The purpose of this work is to determine how the standard Galerkin methods (Bubnov, Petrov) might be applied to certain recently studied SPDEs. Three theorems in functional analysis form the core of the Galerkin approach: the Riesz Representation Theorem, Friedrichs' Extension Theorem and the Lax-Milgram Theorem. Each deals, in some way, with duality (e.g., functionals and bilinear forms), which is also important in probability theory. The stochastic Galerkin method developed here refers to so-called stochastic extensions of the theorems just cited. Specifically, the focus is on random linear functionals, particularly those which may be used to describe white noise. White noise has been defined in different ways, and the treatment of space-time white noise is even more diverse. A variety of continuous-parameter white noise definitions is surveyed herein.

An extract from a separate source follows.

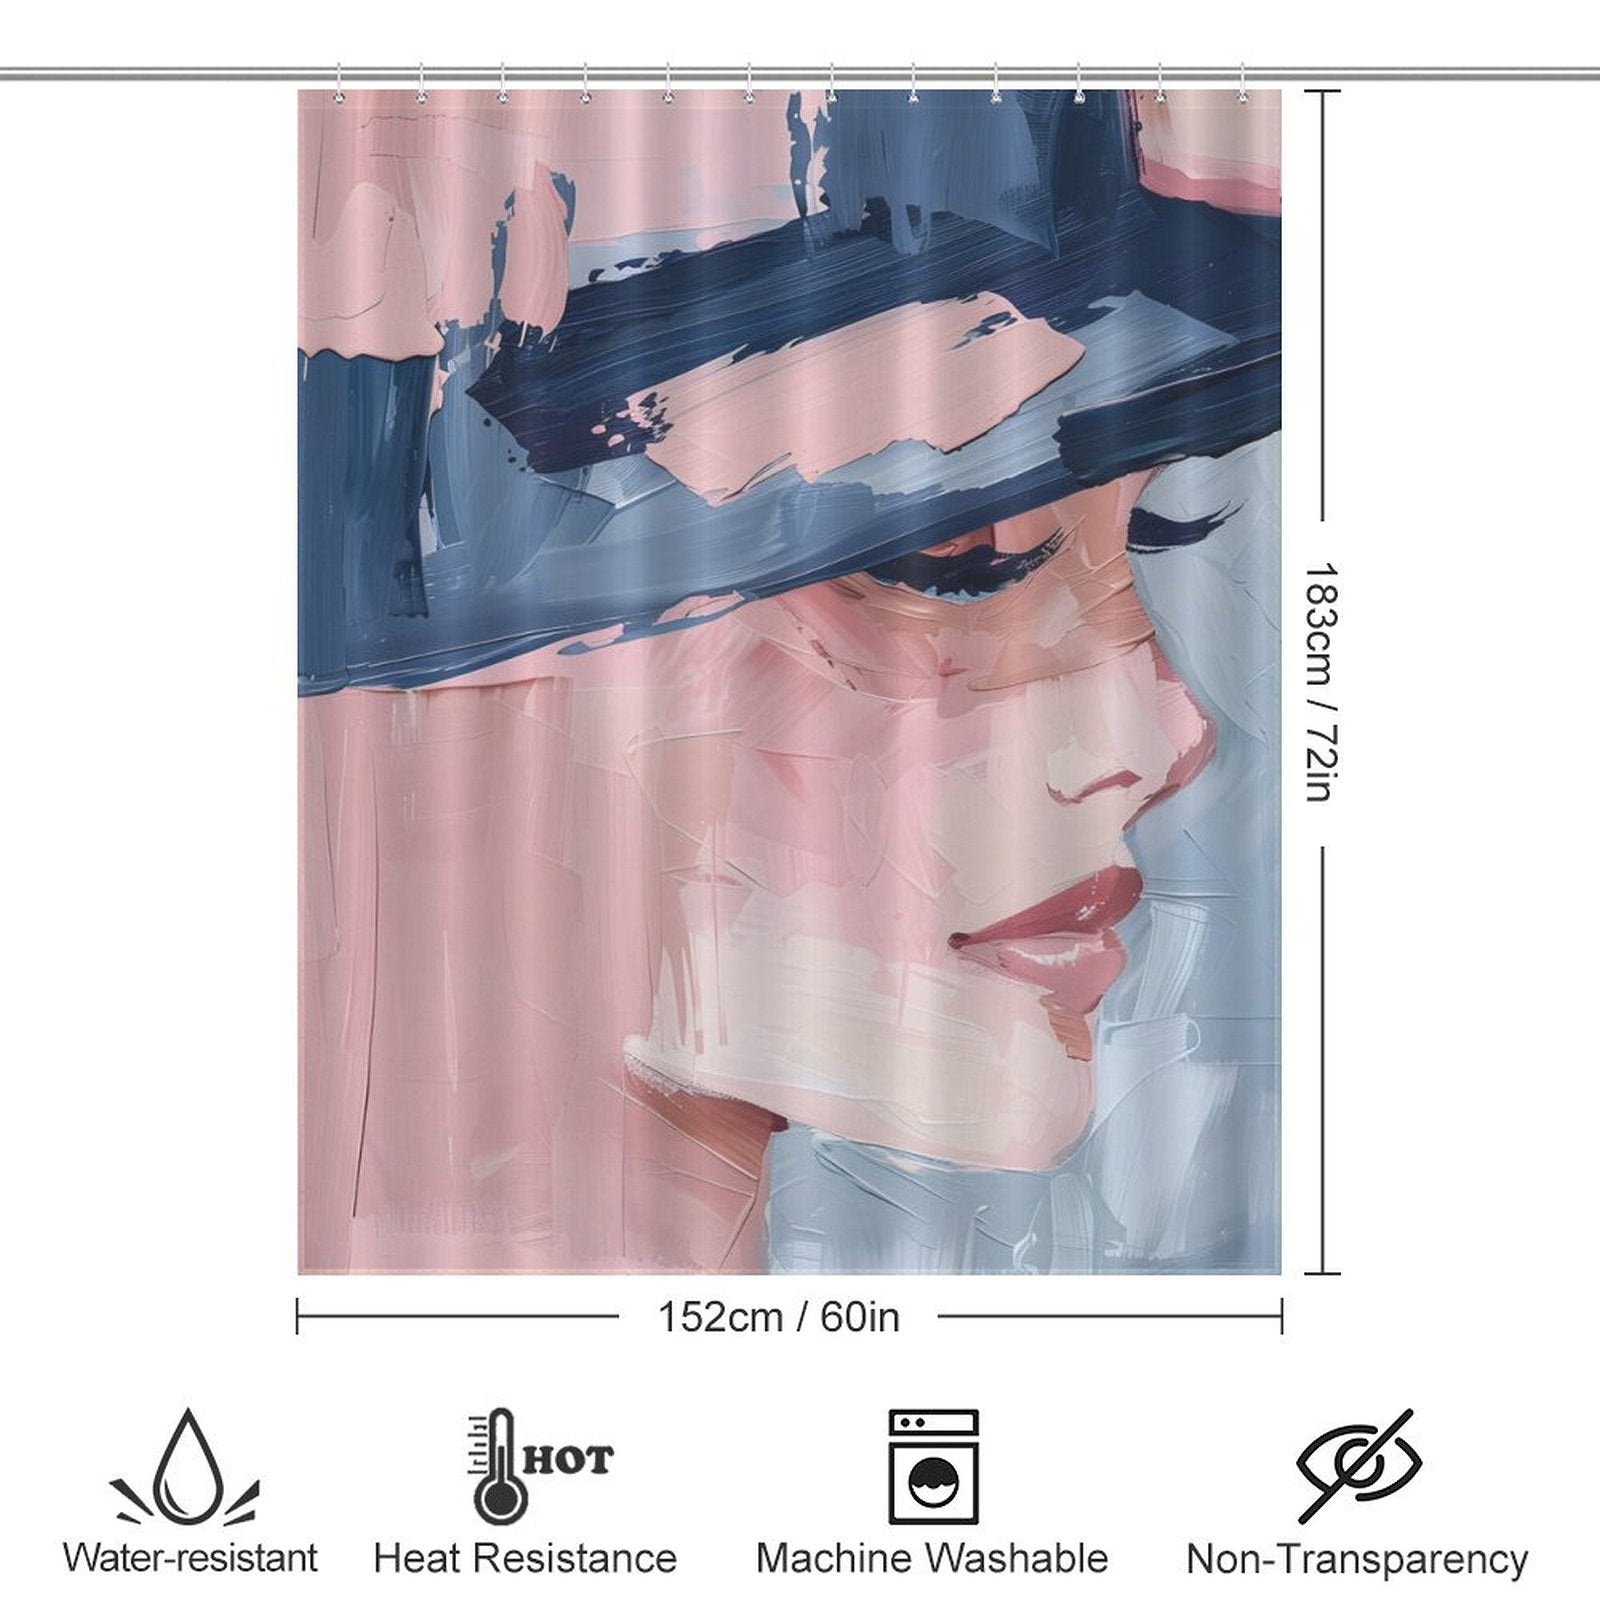 Mid Century Women Face Abstract Aesthetic Oil Painting Modern Art Blush Pink Navy Blue Cream Shower Curtain-Cottoncat by Cotton Cat featuring an abstract aesthetic oil painting of a woman's face wearing a hat in blush pink, navy blue, and cream. Curtain dimensions are 152 cm by 183 cm. Icons indicate it is water-resistant, heat-resistant, machine washable, and non-transparent.

A taxonomy of random linear functionals is presented in order to formalize the stochastic Galerkin technique. The method is then illustrated with a suite of elliptic and parabolic equations. Galerkin and white-noise algorithms are developed and implemented in C ++ . Making use of Hilbert scales, the notion of a white-noise pair is developed. In this context, the Bubnov and Petrov formulations are treated numerically using the concept of a dual Galerkin scheme. It is shown that some stochastic elliptic equations can be solved numerically with the Bubnov technique, even though the weak equation suggests a Petrov implementation. A mass-lumping scheme is devised for a certain class of evolution equations. Using a specialized Petrov method, the test and trial functions generate, for all appearances, a lattice-type model with increased noise strength. The algorithm is based on dual bases--linear B-splines for the trial space and cubic D-splines for the test space--which handle the spatial domain. The resulting partial discretization replicates centered finite-differencing and reduces the continuous-parameter space-time white noise to a decoupled array of (independent) temporal white noise processes. The Ginzburg-Landau equation is used to illustrate this technique. (Abstract shortened by UMI.)